Work item –
All that is wanted is a word-for-word copy of the line with "WhatsApp pourra bientôt" and every line after it in the data below.

===== Supplied records

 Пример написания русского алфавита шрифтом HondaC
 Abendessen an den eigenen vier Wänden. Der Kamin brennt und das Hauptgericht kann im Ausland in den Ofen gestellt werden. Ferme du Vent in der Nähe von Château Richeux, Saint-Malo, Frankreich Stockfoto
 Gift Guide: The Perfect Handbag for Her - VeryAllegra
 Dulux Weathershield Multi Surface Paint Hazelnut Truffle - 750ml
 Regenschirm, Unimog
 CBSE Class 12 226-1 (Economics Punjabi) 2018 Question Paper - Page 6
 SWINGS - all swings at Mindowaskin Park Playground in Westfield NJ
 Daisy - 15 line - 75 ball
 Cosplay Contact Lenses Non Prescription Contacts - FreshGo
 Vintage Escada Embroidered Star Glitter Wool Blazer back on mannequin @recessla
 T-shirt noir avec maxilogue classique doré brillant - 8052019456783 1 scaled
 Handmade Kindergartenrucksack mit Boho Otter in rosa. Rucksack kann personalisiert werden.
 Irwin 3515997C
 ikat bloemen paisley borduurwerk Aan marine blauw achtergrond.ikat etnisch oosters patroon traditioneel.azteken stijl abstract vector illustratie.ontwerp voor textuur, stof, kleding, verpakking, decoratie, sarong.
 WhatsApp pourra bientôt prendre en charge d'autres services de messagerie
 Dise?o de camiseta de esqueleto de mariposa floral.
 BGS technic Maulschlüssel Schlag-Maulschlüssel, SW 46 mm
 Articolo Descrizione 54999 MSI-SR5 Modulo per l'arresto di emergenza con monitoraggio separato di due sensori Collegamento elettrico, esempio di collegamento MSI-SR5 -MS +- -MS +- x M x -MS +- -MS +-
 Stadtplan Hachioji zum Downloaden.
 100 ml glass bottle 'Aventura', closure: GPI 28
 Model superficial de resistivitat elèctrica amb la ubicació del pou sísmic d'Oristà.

==========

Solution to this task –
 WhatsApp pourra bientôt prendre en charge d'autres services de messagerie
 Dise?o de camiseta de esqueleto de mariposa floral.
 BGS technic Maulschlüssel Schlag-Maulschlüssel, SW 46 mm
 Articolo Descrizione 54999 MSI-SR5 Modulo per l'arresto di emergenza con monitoraggio separato di due sensori Collegamento elettrico, esempio di collegamento MSI-SR5 -MS +- -MS +- x M x -MS +- -MS +-
 Stadtplan Hachioji zum Downloaden.
 100 ml glass bottle 'Aventura', closure: GPI 28
 Model superficial de resistivitat elèctrica amb la ubicació del pou sísmic d'Oristà.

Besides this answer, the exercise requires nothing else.